This is an example of the complex nature of our sick society in Rwanda

This article is about my first cousin’s testimony. We grew up together both raised by my grandparents when she went to APACE. The war started when she was at Mudende and our aunt was the head of the cafeteria there. She recounts how our aunt allegedly chased her and those she was hiding with so they wouldn’t kill my aunt’s children, our cousins, because of them.
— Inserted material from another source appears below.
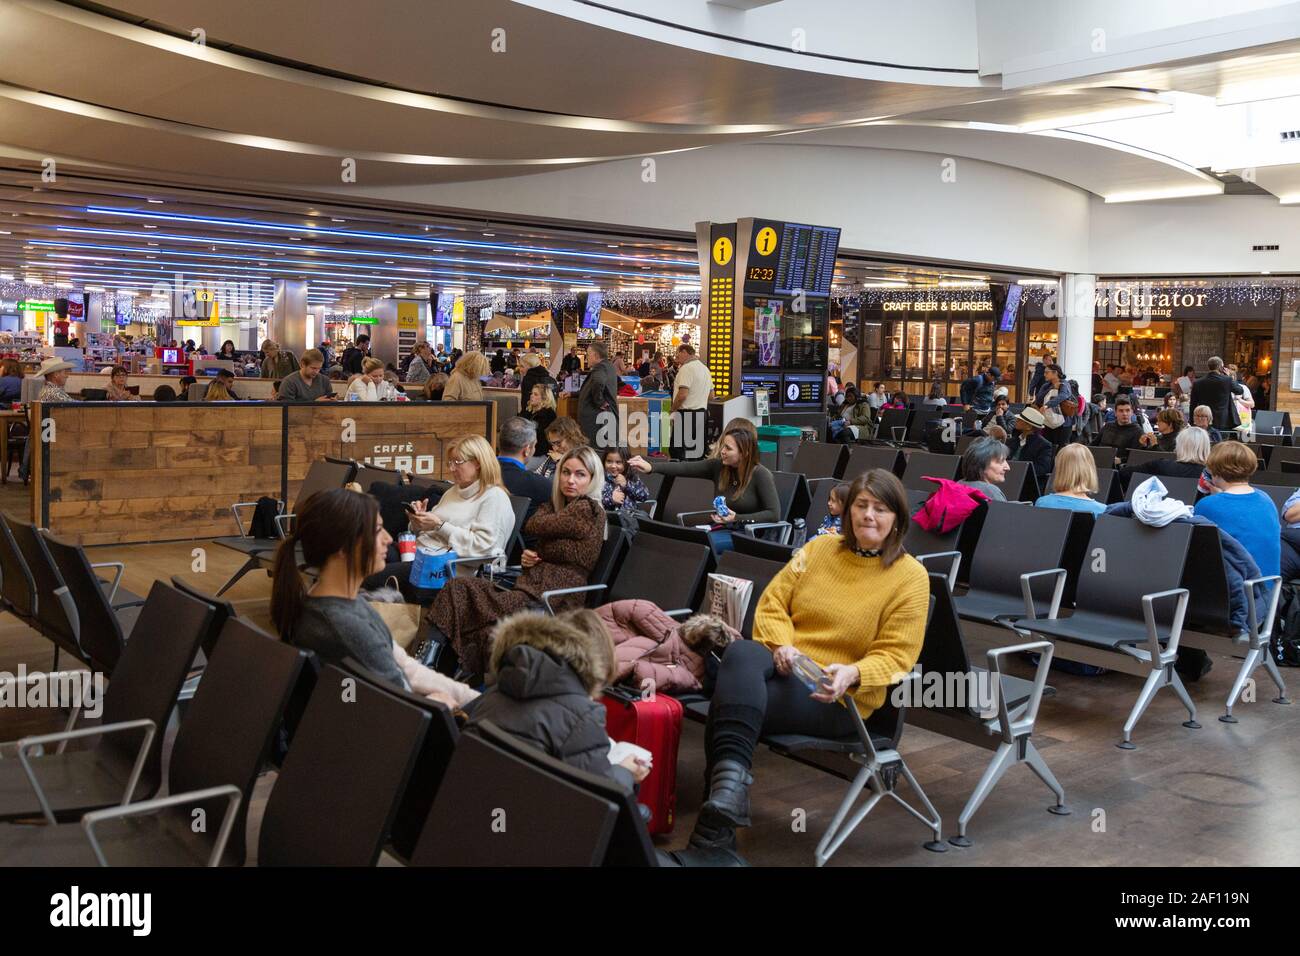 Aeroporto di heathrow Londra UK; terminale 3 interno; i passeggeri seduti in attesa per i loro voli, Heathrow London REGNO UNITO Foto Stock

Before I go on, I have to say that Nelly suffered a lot, as most Rwandans did, during the war. Her father and two brothers were killed. Many of her friends, neighbors, and extended families were killed. Growing up in my grandparents’ house, we were more like siblings and less like cousins. When the war began, only her younger sister was staying at my grandparent’s. I was living mostly with my dad still in the same compound. Her two brothers had moved in with their oldest brother near Kabusunzu. Some of you might know the oldest as he was a journalist. Obed Bazimaziki. He was killed just outside the gates of my grandparent’s house. I know because I was there that day. They had caught him further down the road and had not killed him because they said he was the pastor’s grandkid. The crowd brought him up the road and had almost brought him home when a pickup truck passed them and a soldier asked what the commotion was about. When they told him it was an “inyenzi,” the soldier shot him dead there. It was around 3 or so in the afternoon. I heard the shots as I was playing with some kids and ran to see what was going on as it sounded nearby. One of the neighbor kids who had witnessed the exchange told a group of us what was going on. The sister was so distraught and kept wanting to go cover him with a sheet but we waited until evening and someone at home went and covered his body with a bedsheets. Nelly always blamed my grandfather for Obed’s death. Not just his, but also her other brother’s death, too. In truth, there was nothing he could have done.
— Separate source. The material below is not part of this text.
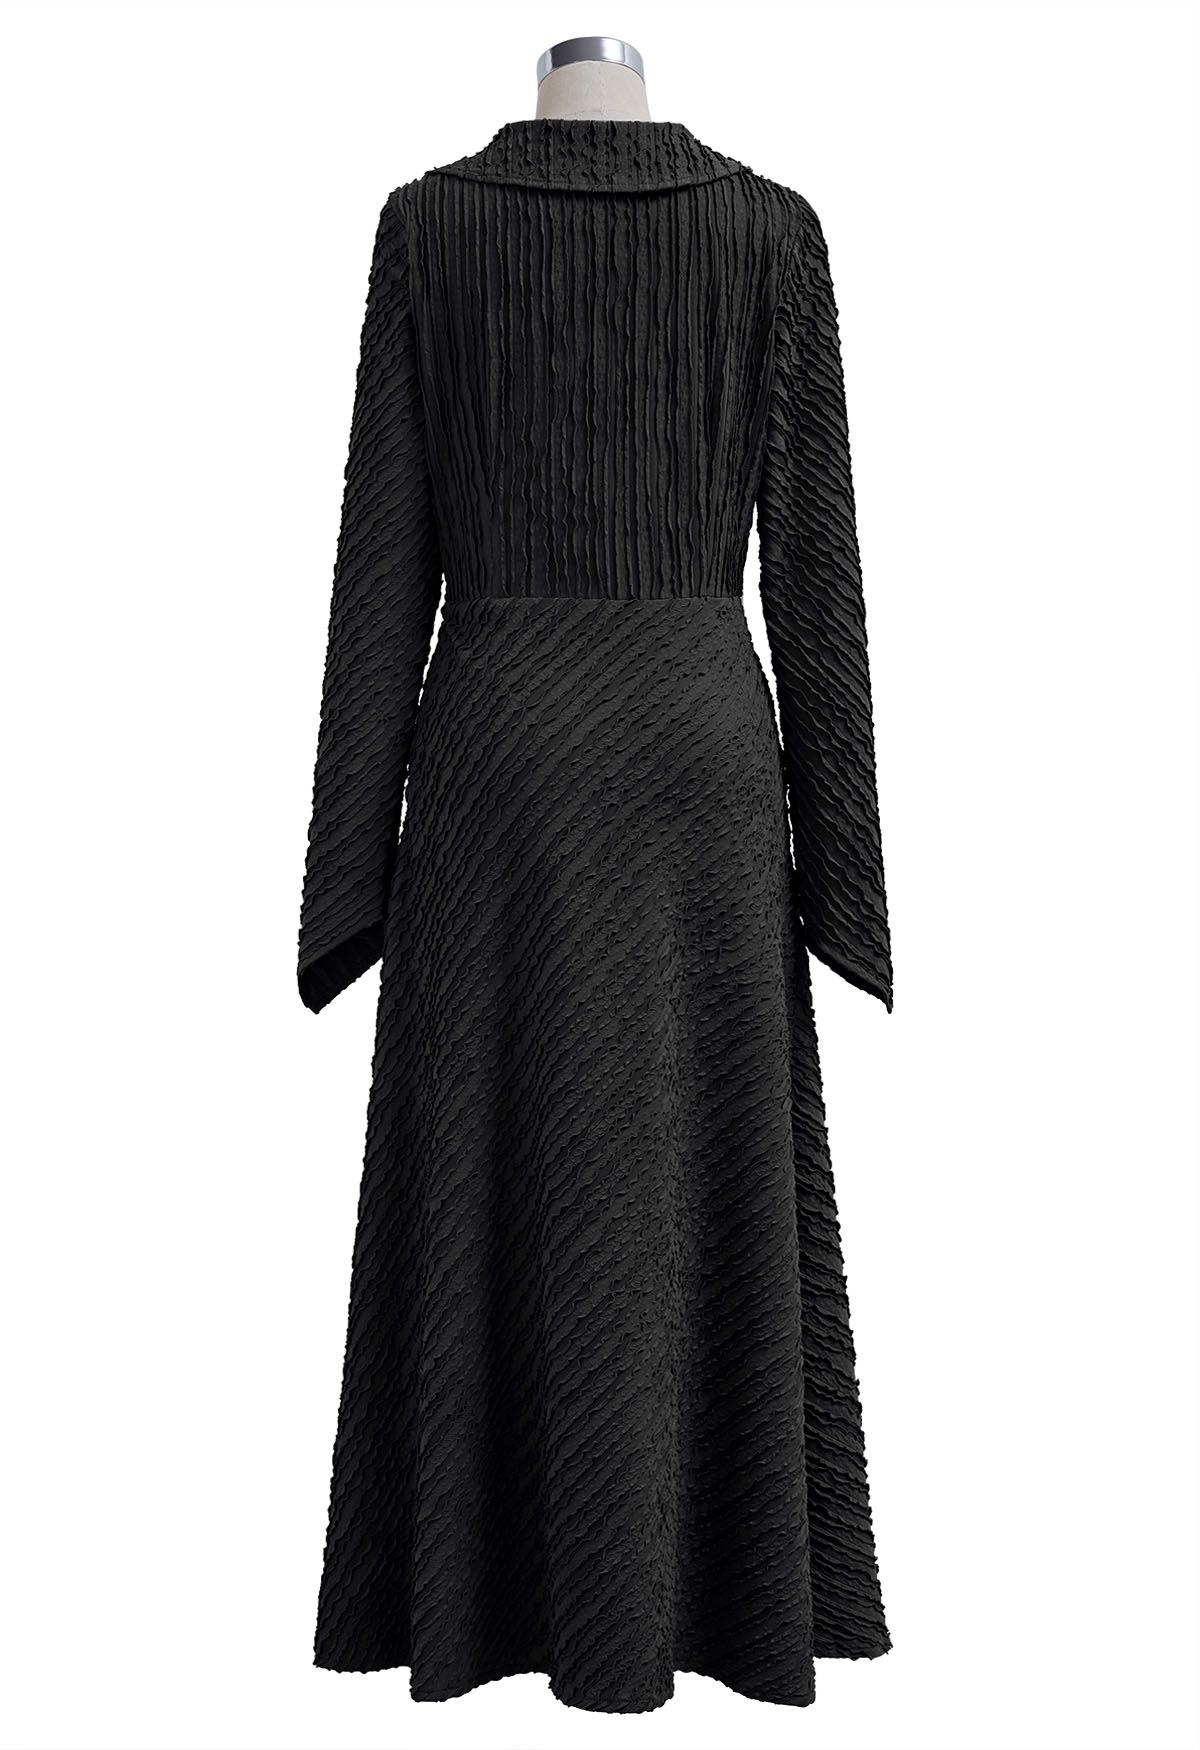 Gewelltes Kleid mit Kragen und Surplice-Ausschnitt in Schwarz

My aunt that she says kicked her out, she’s the one that raised me as her own when I came to the US. Truth is, when my aunt couldn’t guarantee her safety, he found people to get her and one other guy over the border and gave them money. The rest was in God’s hands. I tell you the story as my aunt told it to me. Both Nelly and the other guy made it safe through the war and the guy actually managed to track down my aunt to thank her. As for not getting in touch with Nelly, my aunt tried many times to talk to her but Nelly never returned calls or answered the phone. Sadly, she is not here to tell her side of the story as she passed away about 9 years ago.
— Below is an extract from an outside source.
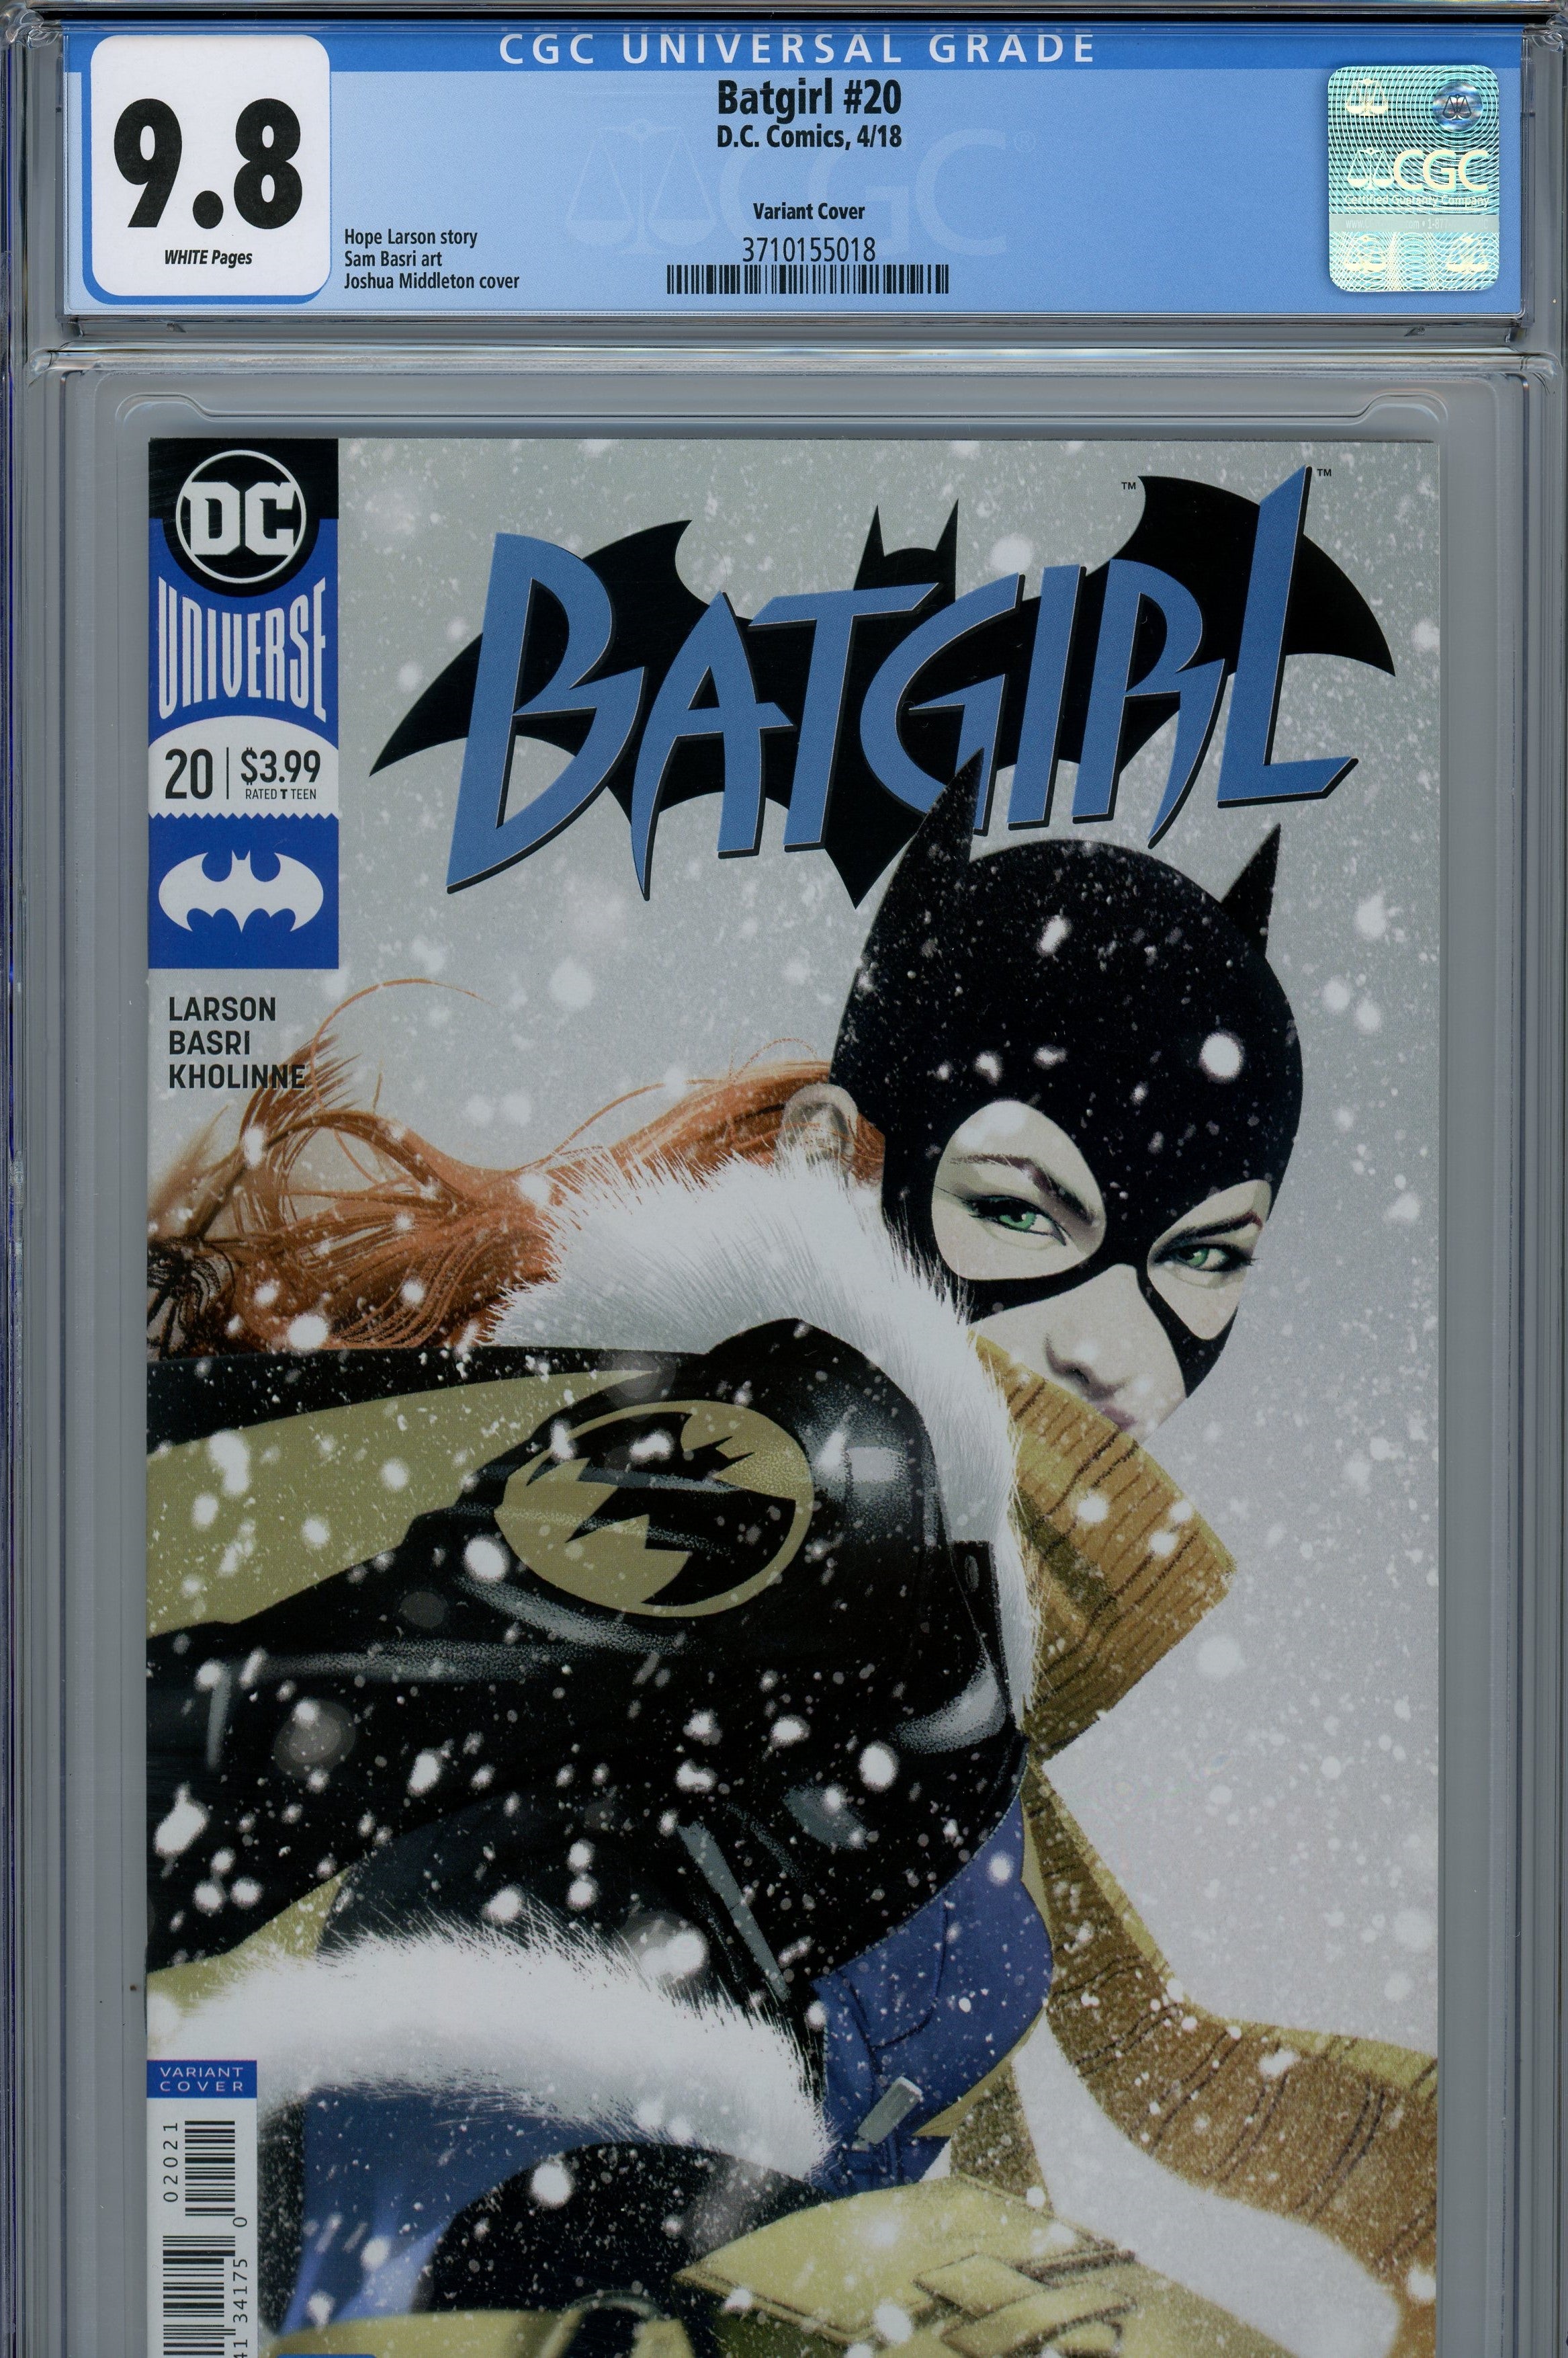 CGC 9.8 Batgirl Dectective comics 2018/04 #20

The full story is much longer and more complex and it’s nothing new to us as it’s been going on in my family for decades. I share this not to paint her in any sort of bad light, however, but to show what grief can do to a person. Normally, I chalk such articles to people saying whatever the regime wants them to, unfortunately I know this to be different in this case. Believe it or not, she’s not among the radical ones in our family.